Functional assessment of the muscle-bone unit in the lower leg.

Based on the mechanostat theory and the muscle-bone hypothesis, a methodological assessment of the musculoskeletal status in health and disease should relate maximum muscle force in relation to bone mass and geometry. While useful (i.e. three-dimensional) measures of tibial bone parameters can be obtained by peripheral quantitative computed tomography (pQCT), intrinsic plantarflexor muscle force cannot be directly measured under in vivo condition in humans. Instead, tissue size, torque and ground reaction force have been used as proxy markers of intrinsic muscle force. However, most of these proxy markers are not or insufficiently representative of maximum force. Based on our recent research, we describe a novel approach for the assessment of the lower leg muscle-bone unit in health and disease.
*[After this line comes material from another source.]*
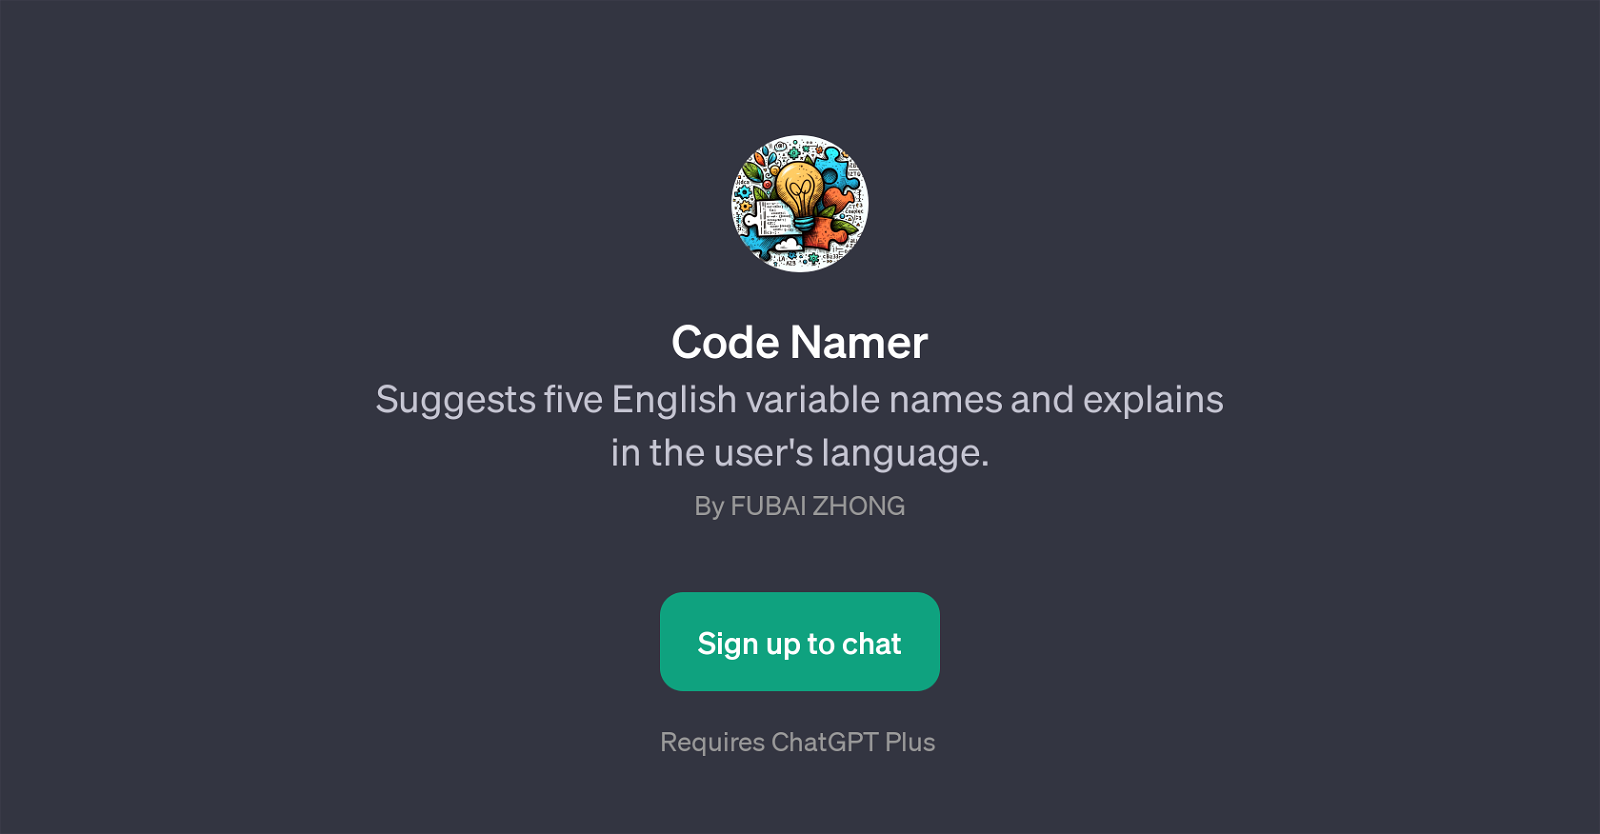 Code Namer website
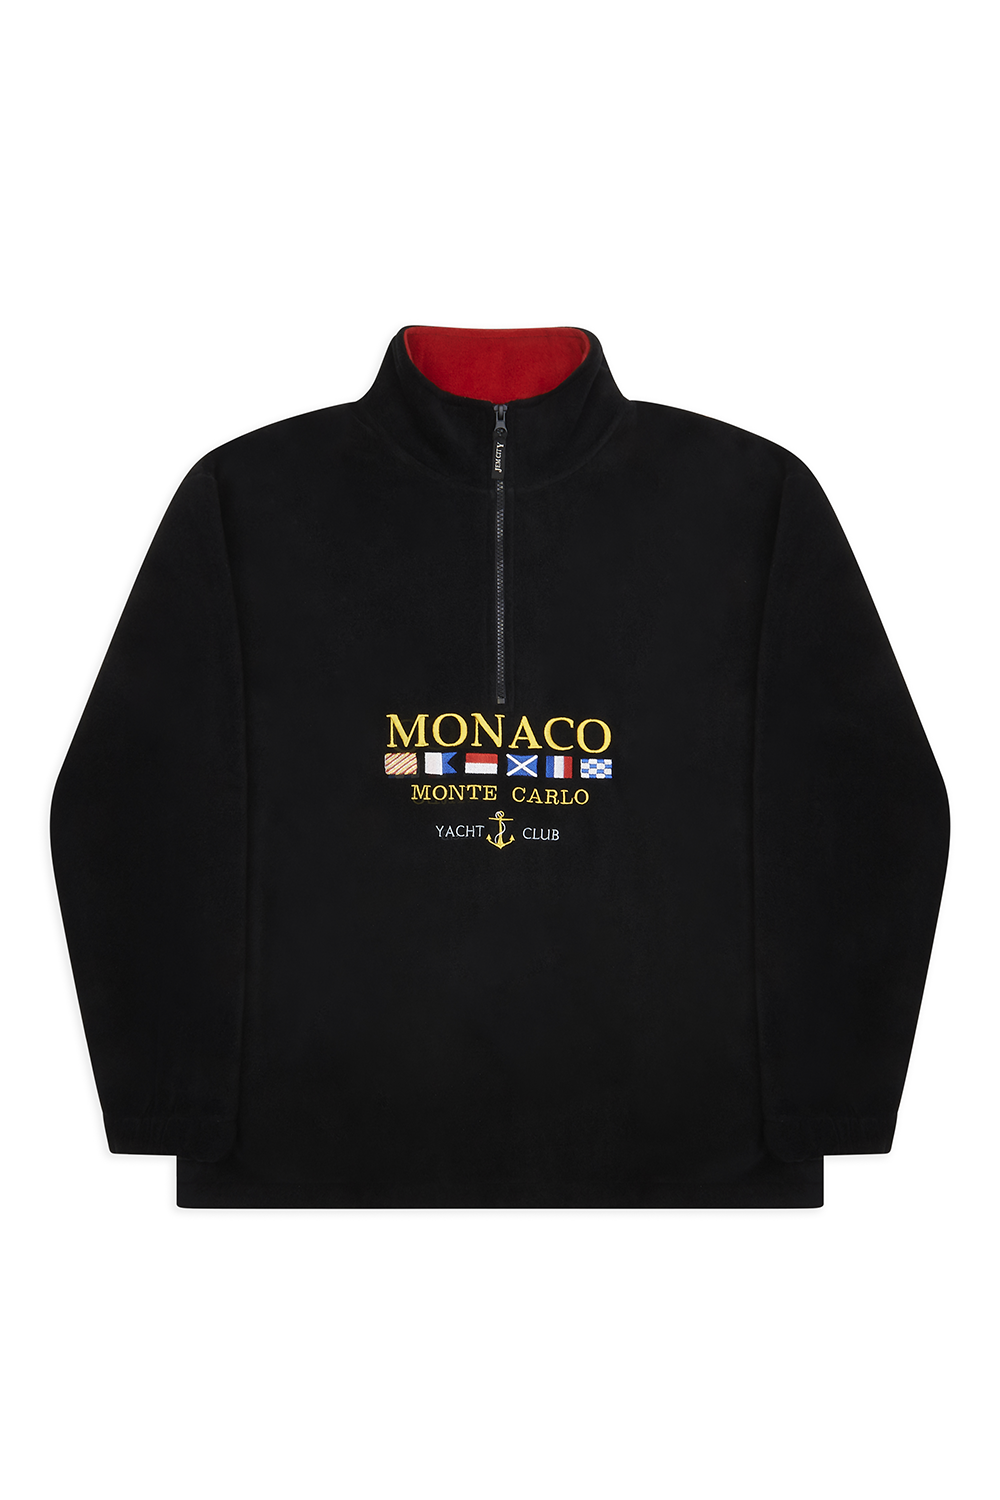 Monaco Vintage Fleece Black

It incorporates multiple one-legged hopping (m1LH) to assess maximum voluntary ground reaction force acting on the forefoot (F(m1LH)) and bone mineral content at the 14%-site of tibia length (vBMC(14%)) as assessed by pQCT. Using the quantitative relationship between these two variables in conjunction with F(m1LH) per body weight, we present a two-step quantitative diagnostic algorithm to discriminate between primary and secondary bone disorders in children and adults.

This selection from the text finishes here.